» SOURCE DATA:
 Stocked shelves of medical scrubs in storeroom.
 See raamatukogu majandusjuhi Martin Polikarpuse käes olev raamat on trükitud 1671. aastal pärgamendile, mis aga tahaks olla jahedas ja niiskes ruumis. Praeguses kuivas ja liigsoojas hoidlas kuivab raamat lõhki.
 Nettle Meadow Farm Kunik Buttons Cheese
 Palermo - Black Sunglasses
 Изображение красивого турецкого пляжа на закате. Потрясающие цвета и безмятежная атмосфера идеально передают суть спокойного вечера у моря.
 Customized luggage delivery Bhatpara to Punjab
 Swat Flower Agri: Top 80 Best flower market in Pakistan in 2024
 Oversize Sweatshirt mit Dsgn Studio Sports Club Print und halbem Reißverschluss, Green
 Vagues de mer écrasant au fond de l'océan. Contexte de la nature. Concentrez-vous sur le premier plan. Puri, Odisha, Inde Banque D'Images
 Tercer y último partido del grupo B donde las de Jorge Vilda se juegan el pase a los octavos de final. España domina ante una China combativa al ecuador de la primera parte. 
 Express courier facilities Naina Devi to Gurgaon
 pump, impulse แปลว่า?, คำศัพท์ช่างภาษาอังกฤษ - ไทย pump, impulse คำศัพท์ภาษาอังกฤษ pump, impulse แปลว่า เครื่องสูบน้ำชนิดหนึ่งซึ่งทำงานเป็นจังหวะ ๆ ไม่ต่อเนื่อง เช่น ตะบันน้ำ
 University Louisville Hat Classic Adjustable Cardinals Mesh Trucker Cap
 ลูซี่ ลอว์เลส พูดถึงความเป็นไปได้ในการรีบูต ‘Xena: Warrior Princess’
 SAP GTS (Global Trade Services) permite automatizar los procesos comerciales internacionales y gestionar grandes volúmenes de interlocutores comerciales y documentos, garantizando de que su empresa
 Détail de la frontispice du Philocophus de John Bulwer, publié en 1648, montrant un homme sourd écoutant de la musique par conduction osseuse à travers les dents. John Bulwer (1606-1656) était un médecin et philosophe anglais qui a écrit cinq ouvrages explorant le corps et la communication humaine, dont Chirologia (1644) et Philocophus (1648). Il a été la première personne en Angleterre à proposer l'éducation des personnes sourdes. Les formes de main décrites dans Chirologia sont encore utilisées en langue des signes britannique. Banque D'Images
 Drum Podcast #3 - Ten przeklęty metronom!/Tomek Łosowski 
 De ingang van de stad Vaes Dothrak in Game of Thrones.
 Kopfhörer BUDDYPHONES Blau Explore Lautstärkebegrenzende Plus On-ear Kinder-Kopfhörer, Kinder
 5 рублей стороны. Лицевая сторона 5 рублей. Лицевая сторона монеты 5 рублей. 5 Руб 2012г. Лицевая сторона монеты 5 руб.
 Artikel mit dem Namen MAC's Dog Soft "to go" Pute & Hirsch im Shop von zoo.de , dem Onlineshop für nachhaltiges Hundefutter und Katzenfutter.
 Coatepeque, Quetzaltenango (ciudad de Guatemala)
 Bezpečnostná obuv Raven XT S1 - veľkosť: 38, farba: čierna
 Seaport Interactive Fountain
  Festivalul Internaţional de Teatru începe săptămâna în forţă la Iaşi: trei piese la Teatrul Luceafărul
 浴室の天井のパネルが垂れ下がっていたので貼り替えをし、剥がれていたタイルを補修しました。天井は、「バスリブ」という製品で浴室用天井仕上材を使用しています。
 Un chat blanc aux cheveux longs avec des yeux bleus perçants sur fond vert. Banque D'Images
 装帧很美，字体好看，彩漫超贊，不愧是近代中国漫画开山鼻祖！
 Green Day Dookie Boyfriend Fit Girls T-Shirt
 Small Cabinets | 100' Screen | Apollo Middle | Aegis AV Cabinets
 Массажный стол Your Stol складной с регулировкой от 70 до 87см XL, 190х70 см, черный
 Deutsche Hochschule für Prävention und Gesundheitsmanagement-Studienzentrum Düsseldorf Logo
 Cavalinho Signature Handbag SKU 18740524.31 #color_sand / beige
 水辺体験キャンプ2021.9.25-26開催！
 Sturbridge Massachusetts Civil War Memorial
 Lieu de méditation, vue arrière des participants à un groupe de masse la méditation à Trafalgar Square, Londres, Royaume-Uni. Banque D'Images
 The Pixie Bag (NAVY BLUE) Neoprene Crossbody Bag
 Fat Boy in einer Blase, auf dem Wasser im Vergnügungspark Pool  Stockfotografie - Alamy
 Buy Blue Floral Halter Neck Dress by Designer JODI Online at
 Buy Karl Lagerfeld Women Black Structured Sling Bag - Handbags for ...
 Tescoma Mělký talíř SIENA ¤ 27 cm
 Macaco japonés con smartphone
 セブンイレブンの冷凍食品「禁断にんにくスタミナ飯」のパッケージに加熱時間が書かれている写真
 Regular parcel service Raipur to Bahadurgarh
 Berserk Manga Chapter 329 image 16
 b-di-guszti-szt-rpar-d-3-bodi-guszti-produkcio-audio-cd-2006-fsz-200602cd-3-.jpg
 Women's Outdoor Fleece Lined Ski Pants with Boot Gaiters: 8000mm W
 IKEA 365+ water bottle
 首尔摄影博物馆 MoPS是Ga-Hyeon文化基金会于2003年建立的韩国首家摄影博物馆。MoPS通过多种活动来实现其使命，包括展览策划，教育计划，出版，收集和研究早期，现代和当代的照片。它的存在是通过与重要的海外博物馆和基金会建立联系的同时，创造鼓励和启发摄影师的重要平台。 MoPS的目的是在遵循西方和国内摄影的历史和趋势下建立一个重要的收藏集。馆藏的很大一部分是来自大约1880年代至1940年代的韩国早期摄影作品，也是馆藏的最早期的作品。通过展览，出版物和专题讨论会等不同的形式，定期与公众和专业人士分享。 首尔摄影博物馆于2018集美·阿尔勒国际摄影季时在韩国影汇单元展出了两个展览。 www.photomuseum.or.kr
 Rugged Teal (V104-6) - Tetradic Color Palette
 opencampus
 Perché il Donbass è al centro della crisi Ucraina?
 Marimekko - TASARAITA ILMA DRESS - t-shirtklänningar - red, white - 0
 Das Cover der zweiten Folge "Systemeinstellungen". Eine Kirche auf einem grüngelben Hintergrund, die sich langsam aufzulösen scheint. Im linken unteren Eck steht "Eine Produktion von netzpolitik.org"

» PROBLEM:
Lines with "Banque": copy every one of them from the listing above.

» WRITTEN RESPONSE:
 Vagues de mer écrasant au fond de l'océan. Contexte de la nature. Concentrez-vous sur le premier plan. Puri, Odisha, Inde Banque D'Images
 Détail de la frontispice du Philocophus de John Bulwer, publié en 1648, montrant un homme sourd écoutant de la musique par conduction osseuse à travers les dents. John Bulwer (1606-1656) était un médecin et philosophe anglais qui a écrit cinq ouvrages explorant le corps et la communication humaine, dont Chirologia (1644) et Philocophus (1648). Il a été la première personne en Angleterre à proposer l'éducation des personnes sourdes. Les formes de main décrites dans Chirologia sont encore utilisées en langue des signes britannique. Banque D'Images
 Un chat blanc aux cheveux longs avec des yeux bleus perçants sur fond vert. Banque D'Images
 Lieu de méditation, vue arrière des participants à un groupe de masse la méditation à Trafalgar Square, Londres, Royaume-Uni. Banque D'Images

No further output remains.